Микеланджело покраснел от гнева.

— Мне не выдают никакой платы. И потому ее нельзя задержать, если я и не работаю. Может быть, просто никому не приходит в голову, что мне нужны деньги, пока я сижу в этой комнате.

— Я рассчитывал на эту сумму, — проворчал Лодовико и с тем оставил сына.

— Он не вправе упрекать меня, — вздыхая, говорил Микеланджело брату Буонаррото, когда тот пришел навестить больного, доставив миску куриного бульона с жареным миндалем от Лукреции. Буонаррото был теперь отдан к Строцци, учился торговать сукнами. На лице у него была написана сама серьезность.

— Мужчинам, Микеланджело, всегда надо располагать хоть небольшими, но своими собственными средствами. Теперь у тебя самое удобное время отложить несколько флоринов для себя. Позволь, я буду порой заходить к тебе и позабочусь о твоих деньгах.

Микеланджело был тронут этим вниманием брата и подивился его неожиданной прозорливости в финансовых делах.

Каждый день на несколько минут заходил к Микеланджело Лоренцо: он приносил с собой драгоценную камею или древнюю монету, и они с Микеланджело за разговором вместе рассматривали ее. Заглядывал к больному и певец-импровизатор; бряцая на своей лире, он пел соленые куплеты о последних происшествиях во Флоренции, включая и несчастный случай с Микеланджело. Ландино приходил почитать Данте, Пико показать новонайденные египетские рельефы, которые свидетельствовали о том, что греки переняли основные принципы скульптуры у египтян. По вечерам, когда надвигались сумерки, заходила в сопровождении няни Контессина — поболтать, почитать книгу. С коротким визитом были даже Джованни и Джулио. Пьеро прислал свои соболезнования.
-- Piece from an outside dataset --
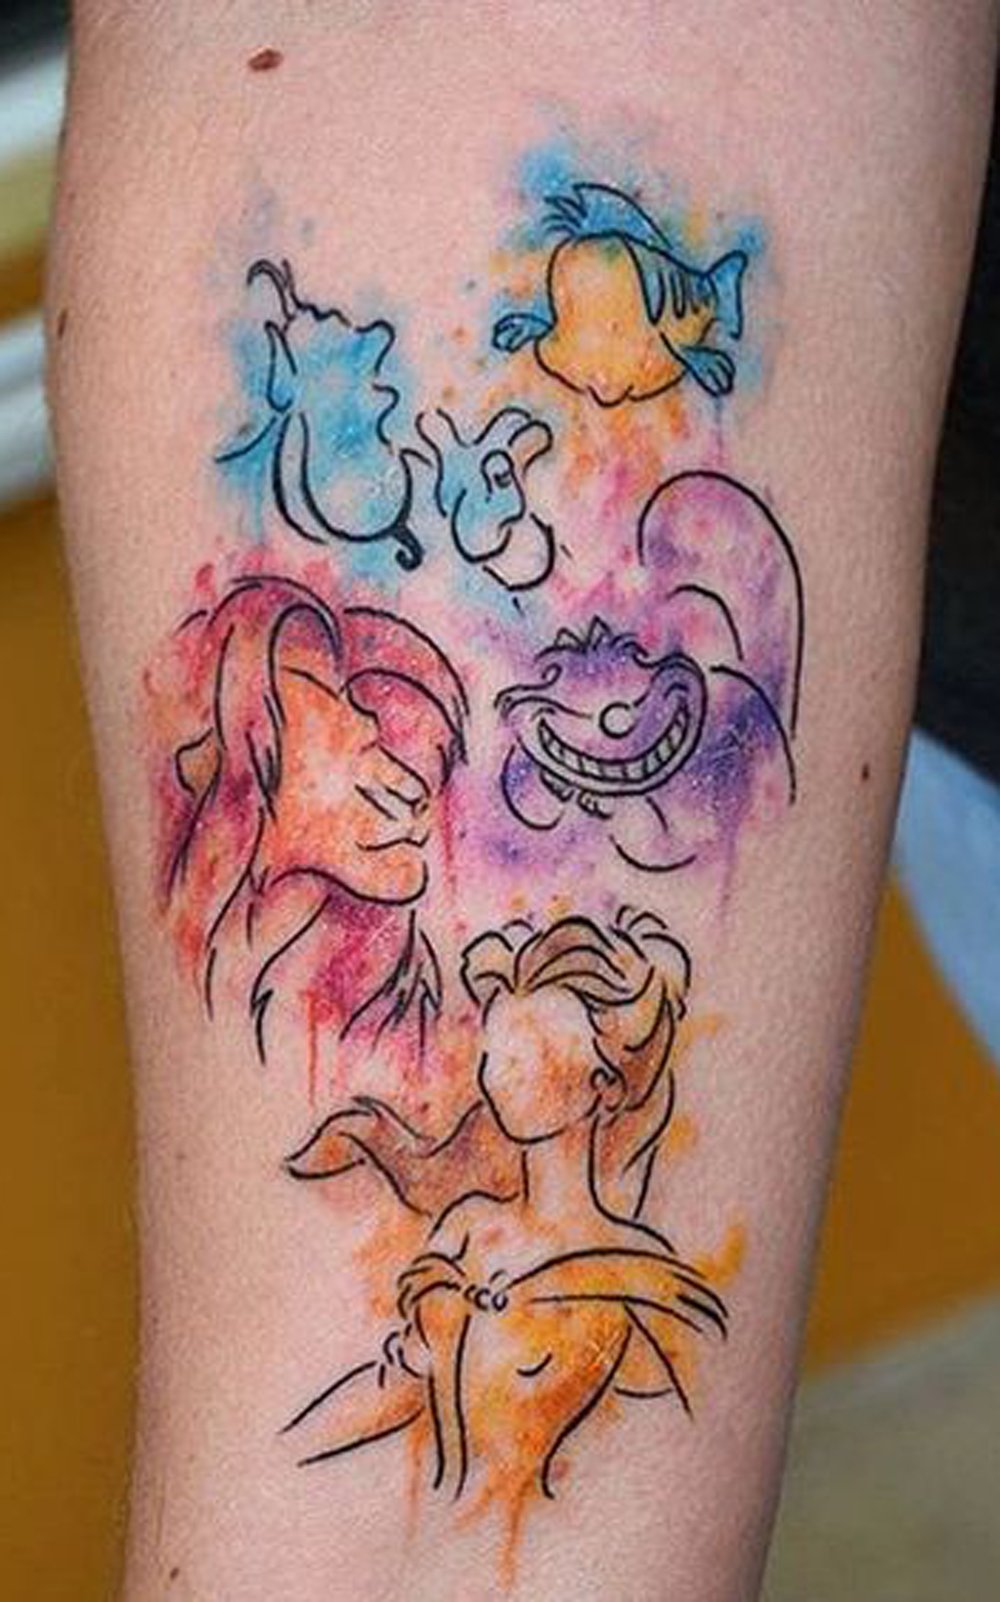 Watercolor Disney Character Arm Sleeve Tattoo Ideas for Women - Lion King Ariel Aladdin Genie Beast ad the Beast Belle - www.MyBodiArt.com
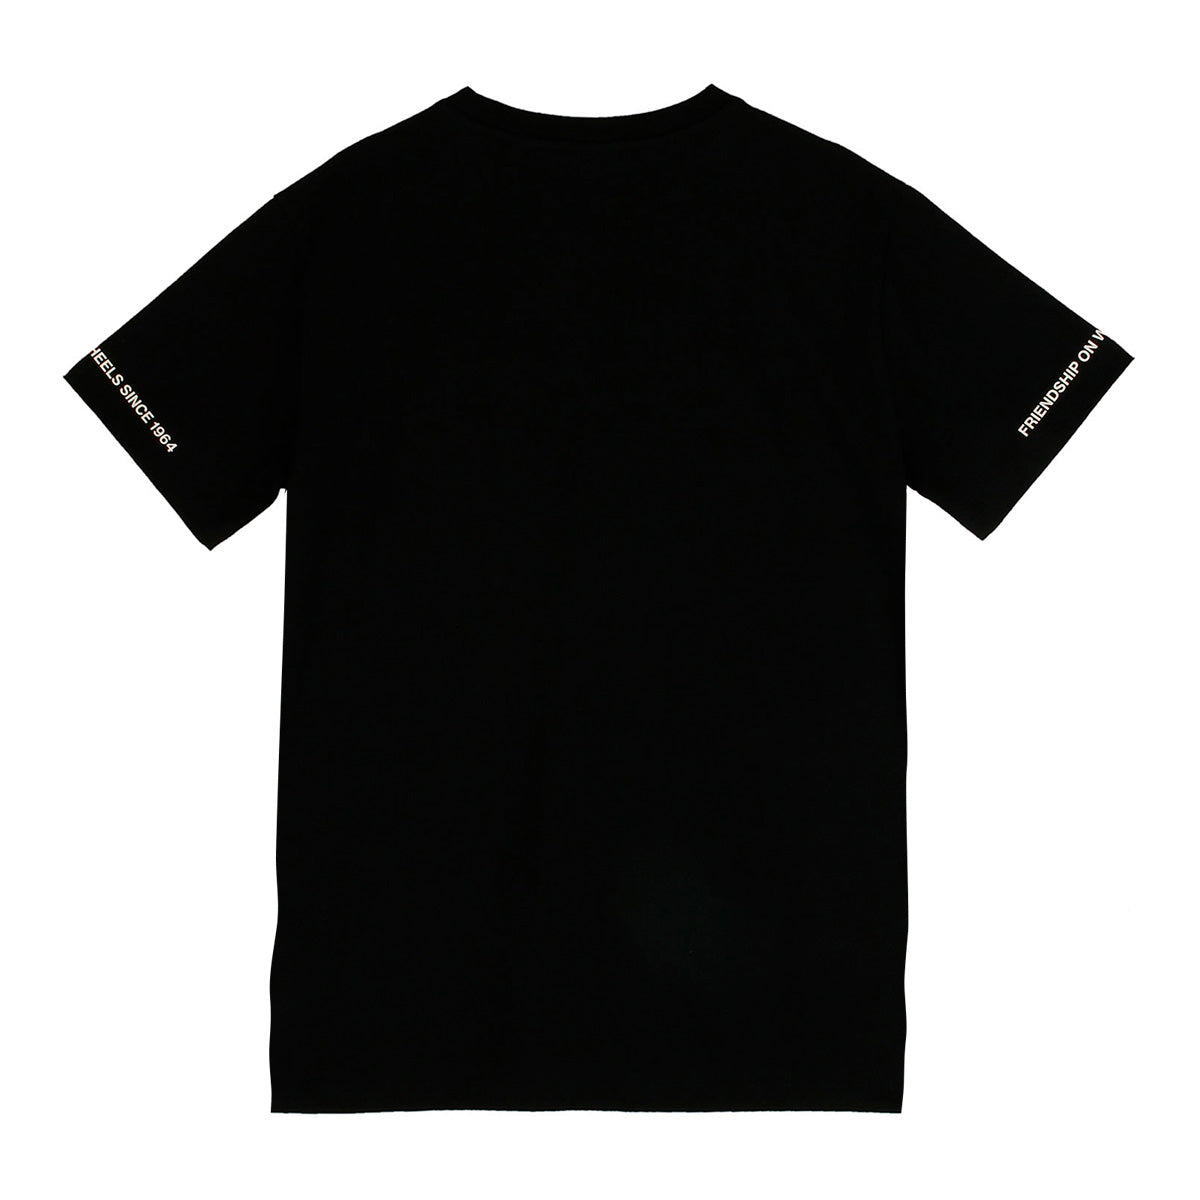 Camiseta bolsillo inclinado (Off-White/Negro)

Из мастерской Гирландайо пришли чертенок Якопо и рыжий Тедеско; они заверили Микеланджело, что, попадись им Торриджани на улице, они будут гнать его, швыряя в него каменьями, до самых ворот Прато. Граначчи сиживал у Микеланджело часами — он приносил в комнату друга свои папки и карандаши и рисовал. Доктор иглами зондировал нос Микеланджело и в конце концов заявил, что хотя бы через одну ноздрю, но дышать носом он будет. Бертольдо, покой которого нарушало столько посетителей, был всегда отменно любезен; он старался сделать все, чтобы развлечь и утешить Микеланджело.

— Торриджани своим кулаком хотел приплюснуть твой талант, чтобы низвести его до уровня собственного.

Микеланджело качал головой:

— Граначчи предупреждал меня.

— И, однако, я говорю истину: тот, кто завидует таланту другого, всегда хочет его уничтожить. А ты должен приниматься за работу. В Садах нам тебя не хватает.

Микеланджело разглядывал свое лицо в зеркале на умывальном столике. Эта вмятина под переносьем останется навсегда. Что за ужасный бугор на самой середине спинки носа, и как он весь покривился! Он шел теперь вкось от уголка правого глаза к левому углу рта: былая симметрия, при всем ее несовершенстве, исчезла бесследно. Микеланджело съежился, плечи его опустились.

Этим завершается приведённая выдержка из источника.